According to a Chainalysis investigation, the demise of the centralised exchange FTX has led to a surge in transfers from CEXes to personal wallets. The money outflow prompts inquiries about institutional investors’ ability to protect their own digital assets and reduce the dangers of decentralized finance. After FTX, formerly the third-largest cryptocurrency exchange by volume, collapsed in November, the New York-based blockchain platform said that 68% of CEX flows to personal wallets were attributable to institutional transactions with values of at least $100,000.
However, it is still lower compared with the implosions of Celsius Network and TerraUSD in the middle of 2022, when outflows were at 69 per cent and 77 per cent, respectively, the latter by far the highest, Chainalysis said.
Other notable events that caused sharp increases were driven by the collapse of cryptocurrency prices, the highest of which was 62 per cent in 2021 when China announced it was banning cryptocurrency mining.
“Increased flows from CEXes to personal wallets are almost always one consequence of extreme market volatility or price declines, but what separated this latest instance from previous ones was that this time, institutional money led the charge,” Chainalysis analysts said.
“Whether they be individuals with large holdings, crypto native investors or traditional finance players, analysis of transaction sizes suggests these large holders are leading the way now in movements of funds from centralised services to personal wallets.”
FTX filed for bankruptcy on November 11. The downfall of the exchange once valued at $32 billion rocked the entire industry, dealing a blow to arguments making a case for the viability of digital currencies.
Its founder, Sam Bankman-Fried, faces criminal charges in the US.
The FTX crash came at a time when the market was still reeling from the shock of the collapse of the Luna cryptocurrency and its associated Terra stablecoin in May, plus Celsius’ own bankruptcy in July.
Job losses across the industry also added to the worries.
“Growing institutional adoption of cryptocurrency means that the common pattern of funds moving out of centralised services and into personal wallets and DeFi in response to market volatility is now being led by deep-pocketed institutional investors,” Chainalysis said.
A centralised cryptocurrency exchange is an online platform through which digital assets are bought and sold. It is considered one of the most important trading vehicles in the cryptocurrency industry.
The concept does not necessarily conflict with the concept of cryptocurrencies being a decentralised asset.
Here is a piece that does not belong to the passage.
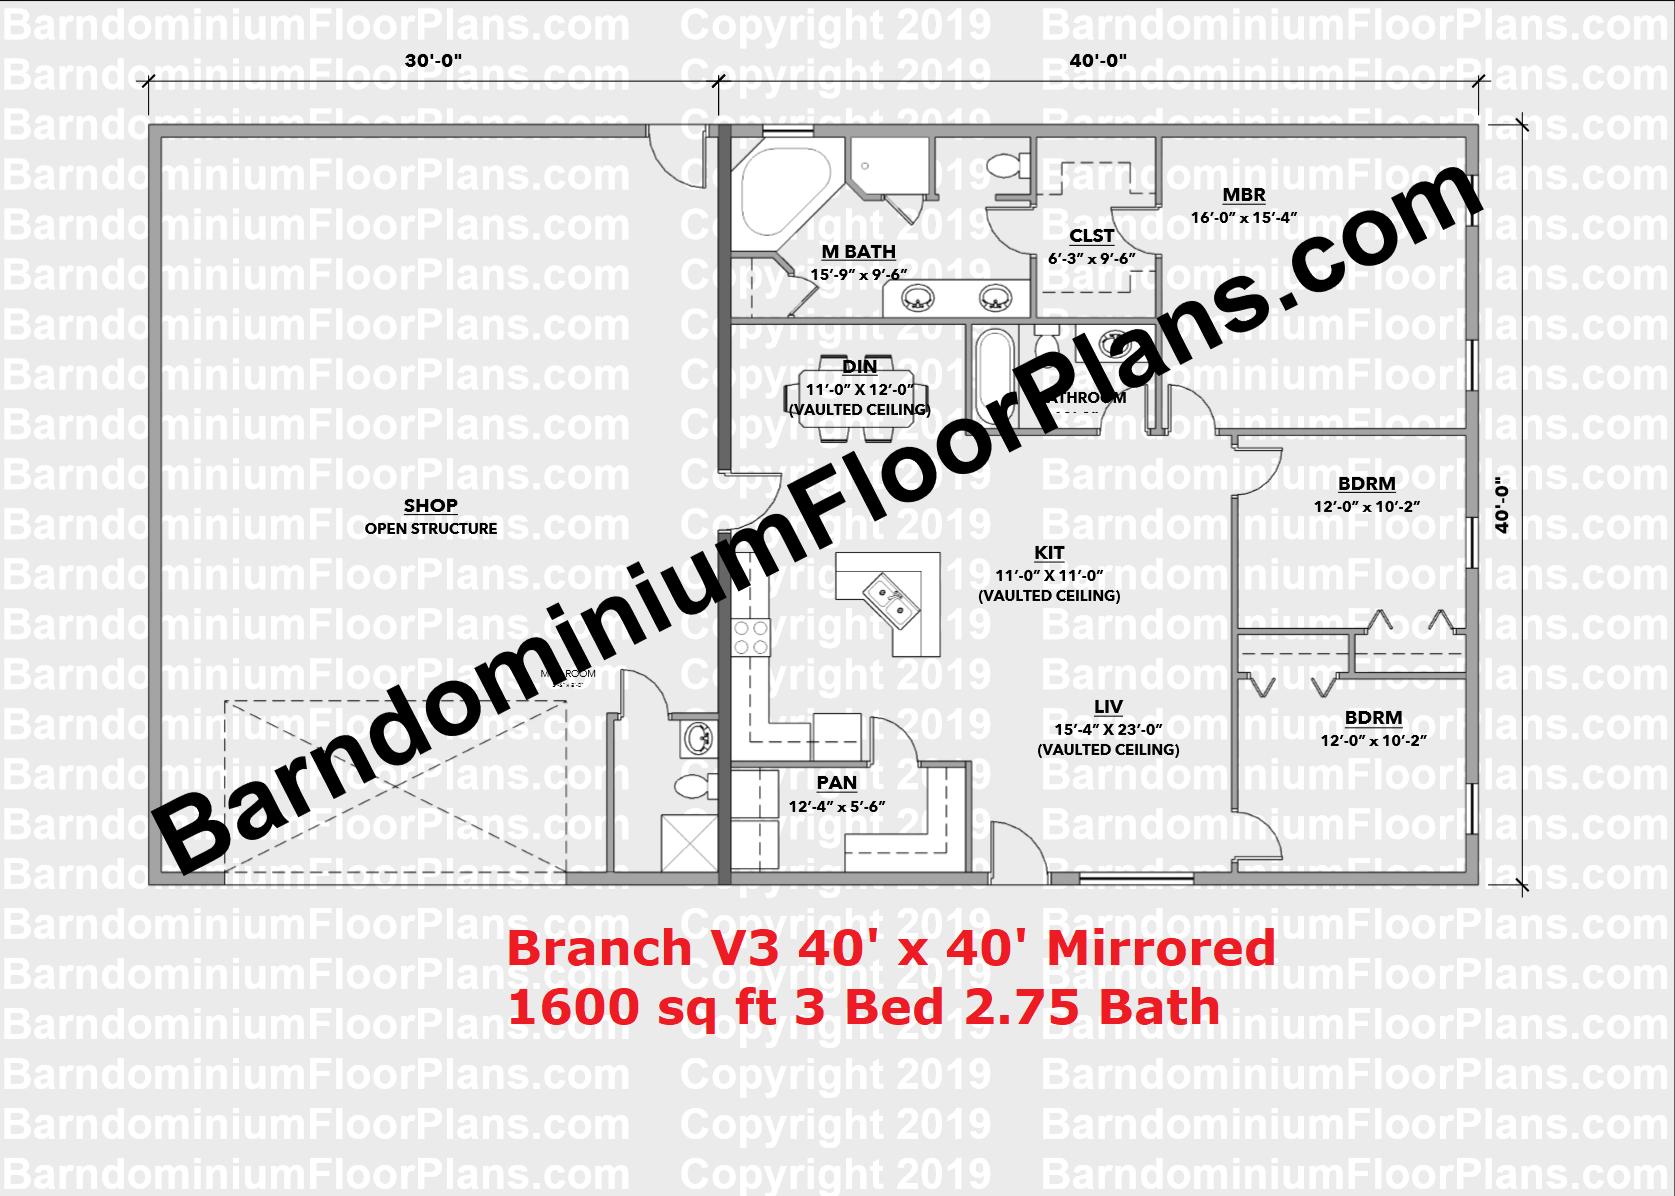 Branch V3 Barndo Floor Plan 3 Bedroom 1600 sq ft
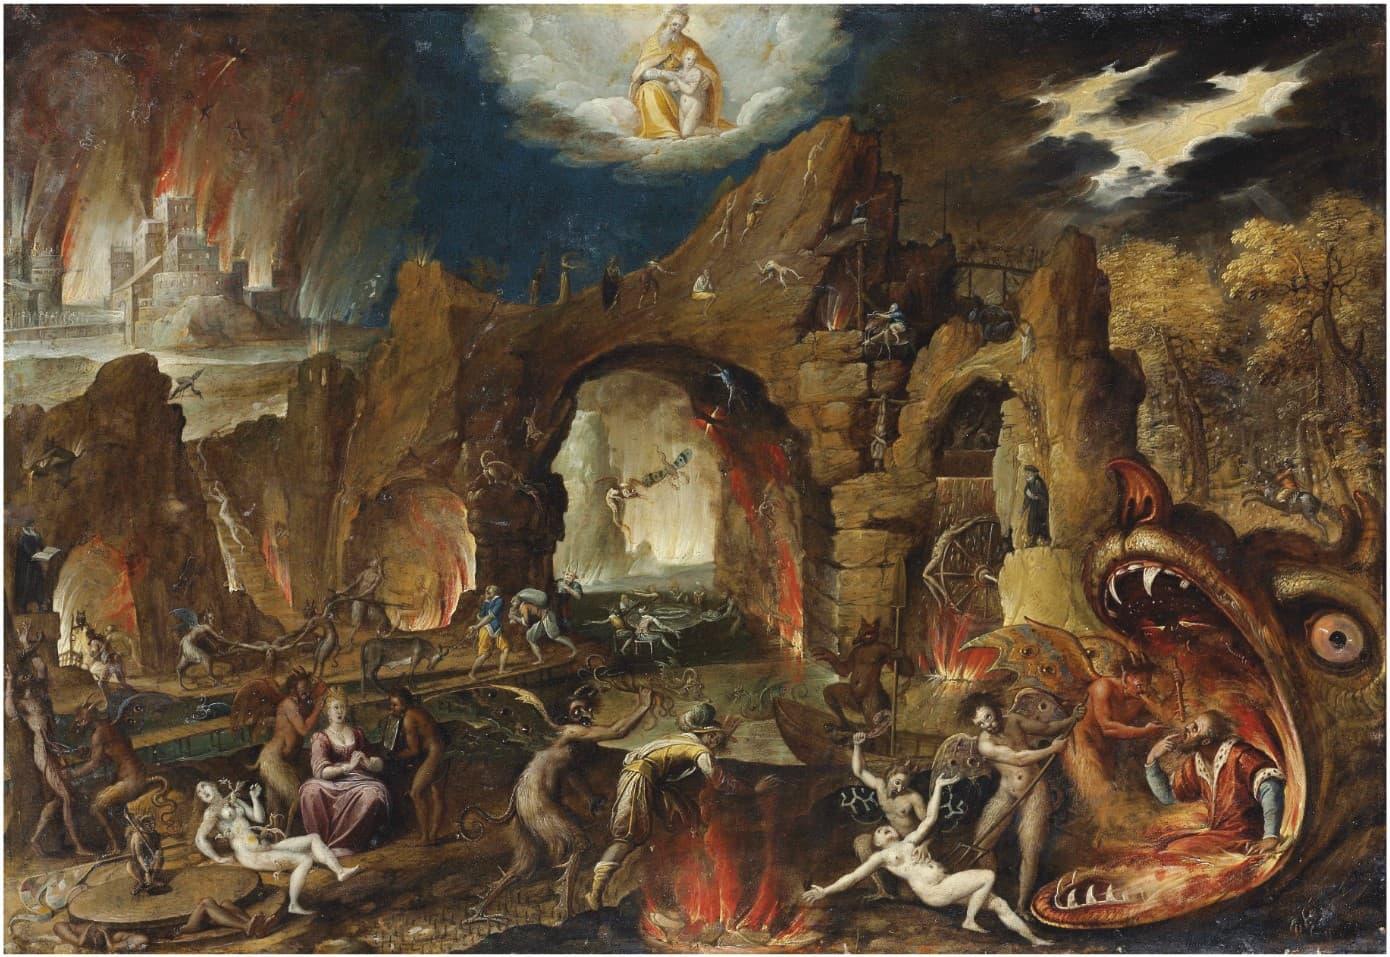 Jacob Isaacsz descenso de cristo a los infiernos

The idea of centralisation in this case refers to the third party — or “middleman”, according to Investopedia — that helps to conduct transactions.
This is akin to a traditional bank set-up, where “a customer trusts the bank to hold his or her money”.
A personal wallet, on the other hand, is a “place” where cryptocurrency can be stored securely, with users in control. The most common type is a hosted wallet, in which a third party keeps it for you, similar to when you keep money in a bank.
Users usually move cryptocurrencies from CEXes to personal wallets when the market is turbulent, and this includes new institutional users, Chainalysis said.
While the increased outflows are not a good indicator, Chainalysis had already stressed that many market fundamentals remained stable as the situation at FTX stemmed from “financial fraud rather than a blockchain or crypto-specific failure”.
Institutional investors are those that invest money on behalf of other people, such as mutual funds, pensions and insurance companies. Often, they buy and sell a considerable amount of stocks, bonds or other securities.
They have been attracted to the cryptocurrency industry as they aim to capitalise on its growth potential.
However, not all of them are convinced, for a number of reasons such as the absence of profit guarantees and an uncertain regulatory environment, according to a previous report from Cointelegraph.
“Overall, institutional funds have made up a bigger share of movements from centralised exchanges to personal wallets over time,” the Chainalysis study said.
It can mean many things, and many would suggest that it signals users are worried about their CEX’s solvency. By moving funds to a personal wallet, users can directly control their assets and ensure they don’t lose access to their funds.
In other cases, moving funds to a personal wallet and then to another CEX, or to a DeFi protocol, would enable them to continue trading or carry out other transactions, such as contributing to a lending pool.
“Regardless of the specific motivations, the behaviour holds true: most spikes in CEX-to-personal-wallet flows are sparked by market volatility,” Chainalysis said.